Business & Finance Economics

The Academic Roots Of Progressivism

It's Been A Hundred Years Since America Swooned It all started when America decided to hire an erudite professor - a guy who sold things like hope and change, a guy who sounded smart when he said not-so-smart things, a guy who looked better than his Republican opponents - to the presidency.
They wanted a change.
They just forgot that, when things change, they might get worse - not better.
That was a hundred years ago, and the successful presidential candidate was Woodrow Wilson.
He'd been president of Princeton University, was thought to be an untouchable legal scholar, and is still referred to as "the father of American public administration.
" Yes, Wilson was an administrator.
He believed that educated, smart people should be the nation's leaders, that you should be "qualified" to be elected to major public office, and that the government should be big enough and powerful enough to mandate life in America.
He believed in a statist Utopia where there were no winners and losers, where the benevolent and intelligent government was always there to help you like a "big brother," and where the major decisions regarding the country's future were not left up to untrained bumpkins just because they were eligible to vote.
His favorite book was "Philip Dru: Administrator.
" If you haven't read it, you should, because it'll tell you everything you need to know about Woodrow Wilson, statism, and the genesis of the "progressive" movement in America.
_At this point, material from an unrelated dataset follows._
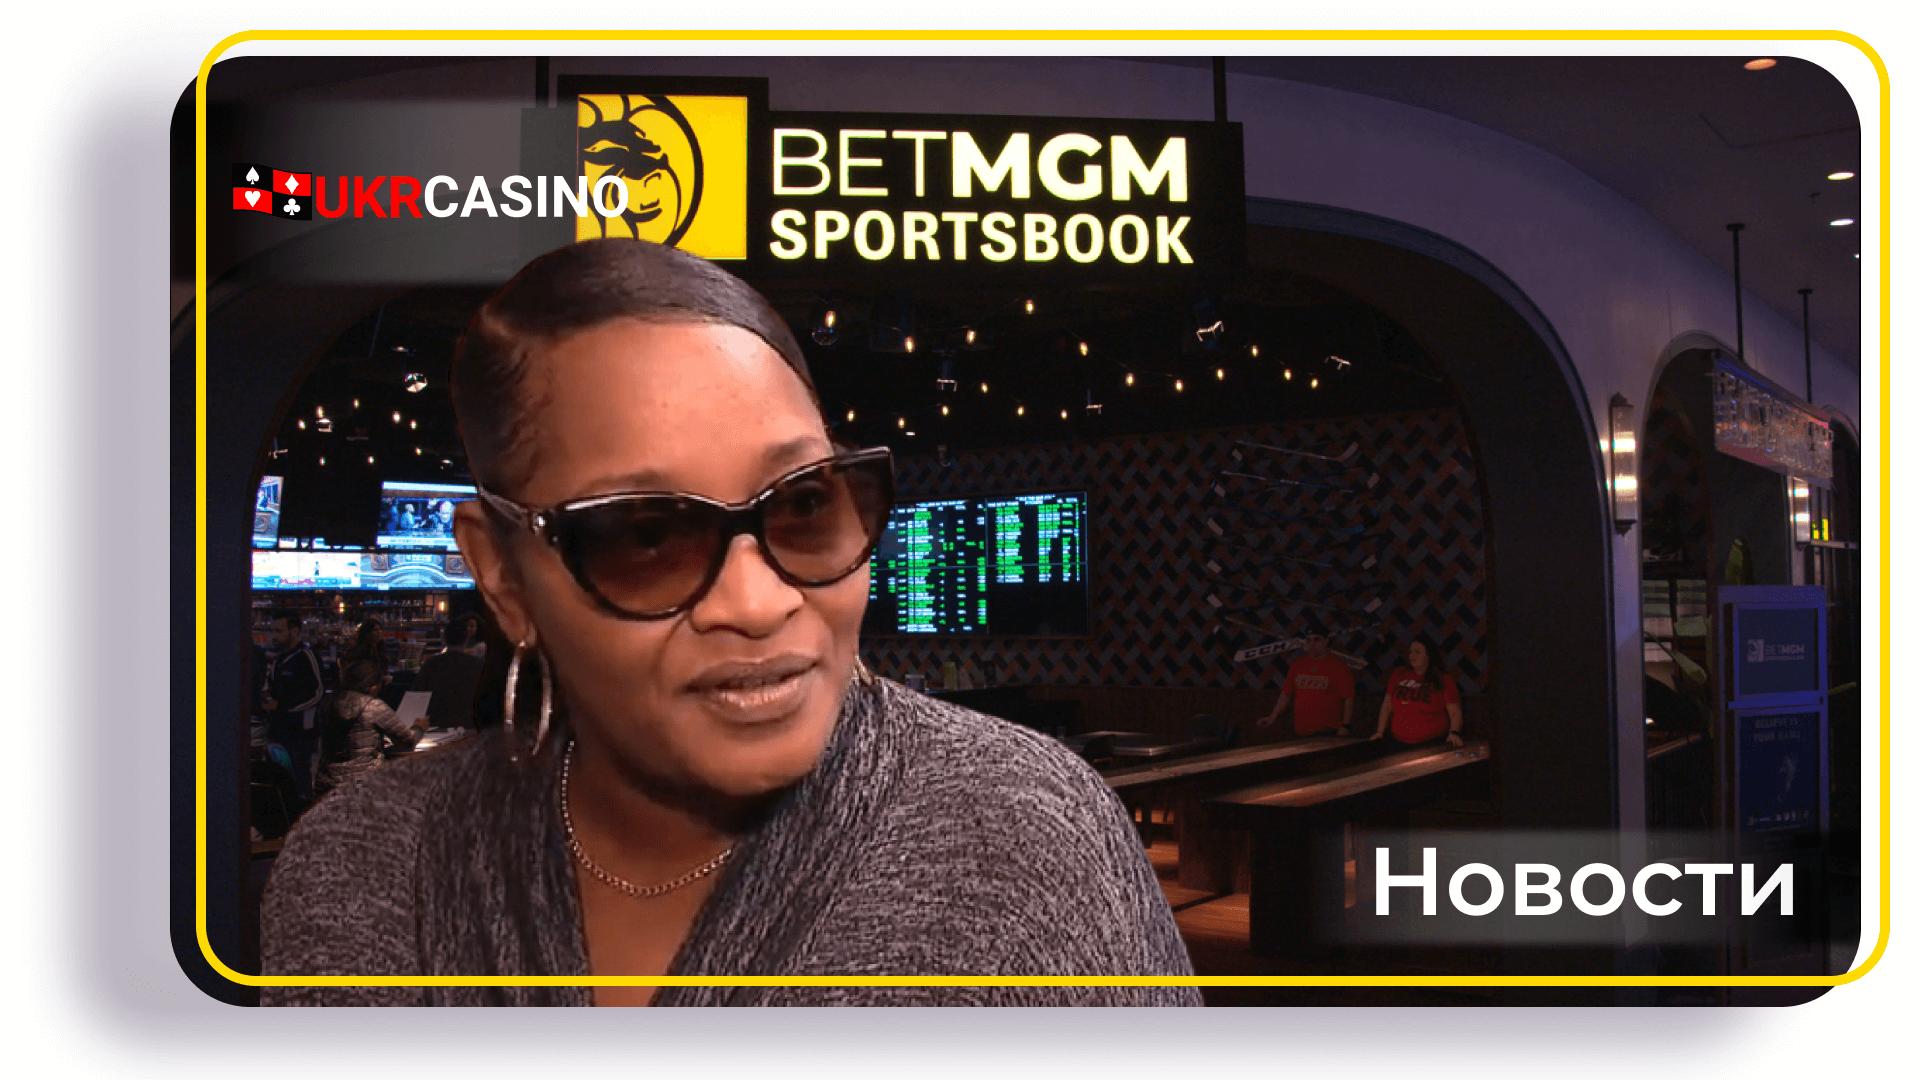 Жительница Америки подала в суд на онлайн-казино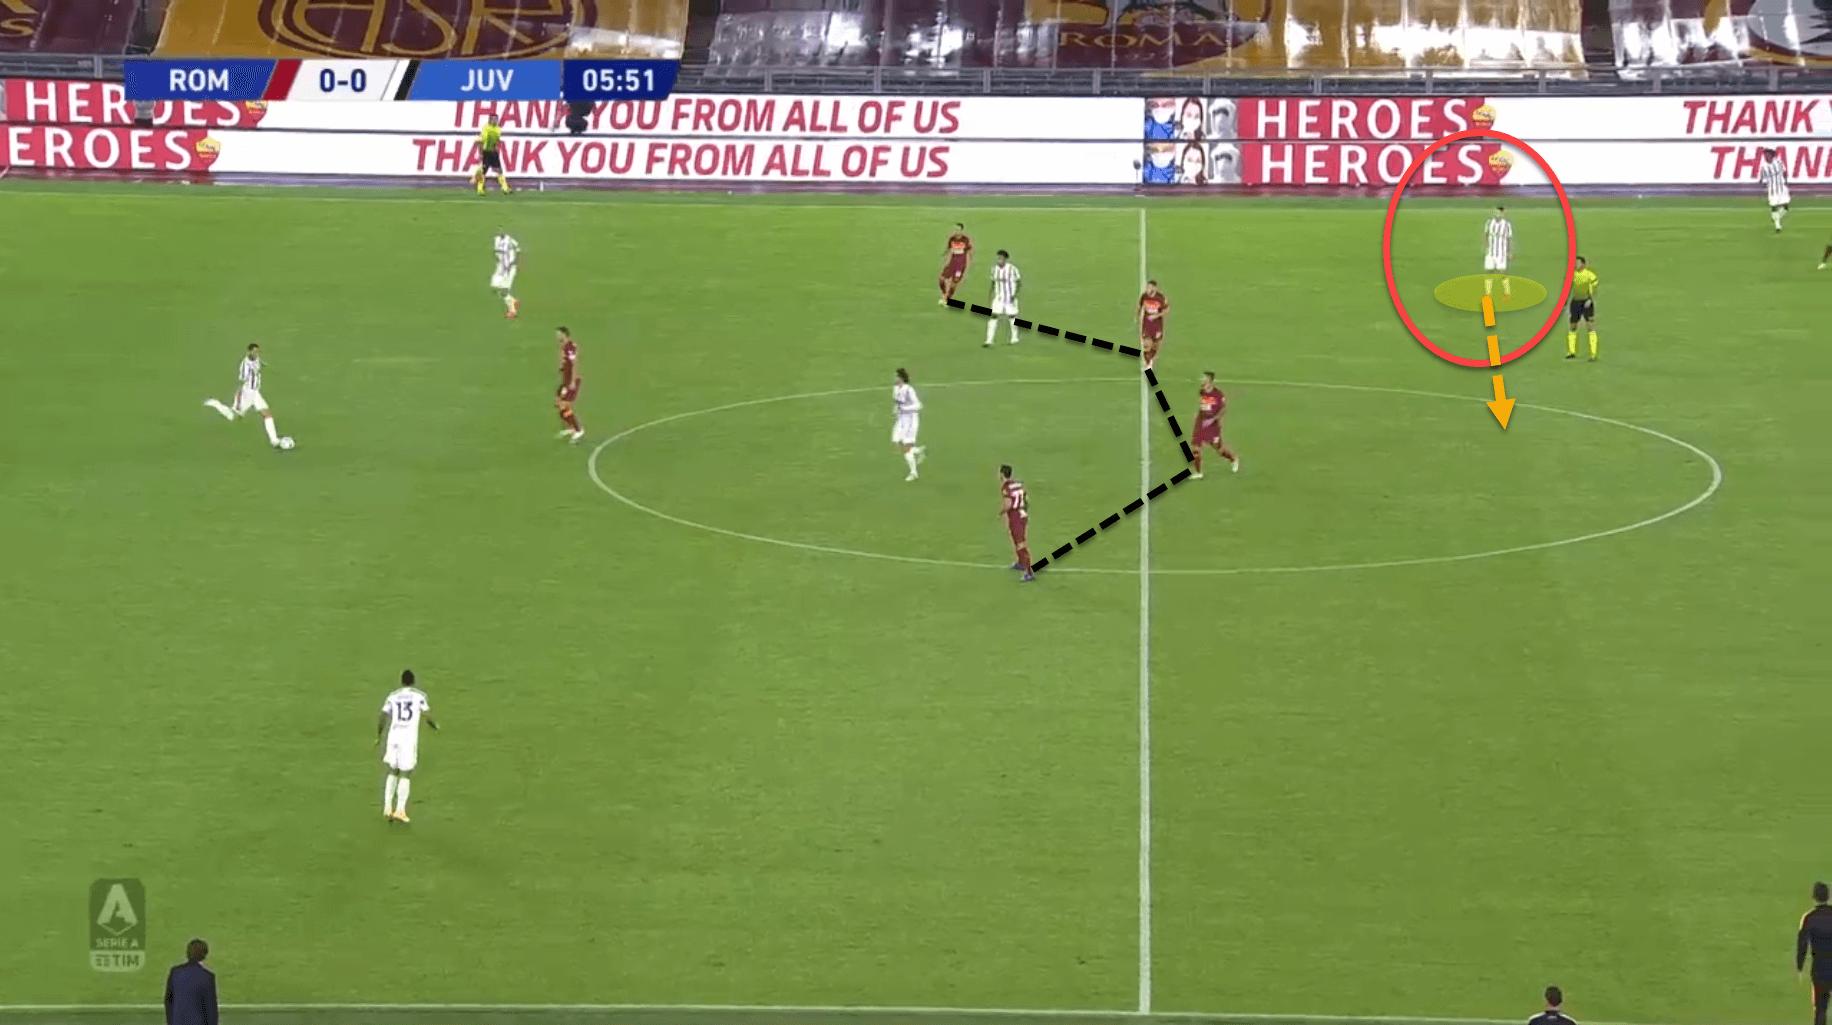 Aaron Ramsey 2020/21: How Andrea Pirlo has used the Welshman so far? – tactical analysis tactics

When Wilson was elected, America believed in its founding principles and in its Constitution.
Today, by a slimmer majority, the same holds true.
However, in Wilson's day, colleges and universities delivered a strong education based on the pursuit of truth and generally free of political indoctrination.
These days, it's hard to make the grade in almost any secondary institution without singing from the collectivist hymnal.
The smart should rule.
The working class should shut up and listen.
"Liberals" (or statists, or collectivists) believe in a big, all-controlling, central-planning government.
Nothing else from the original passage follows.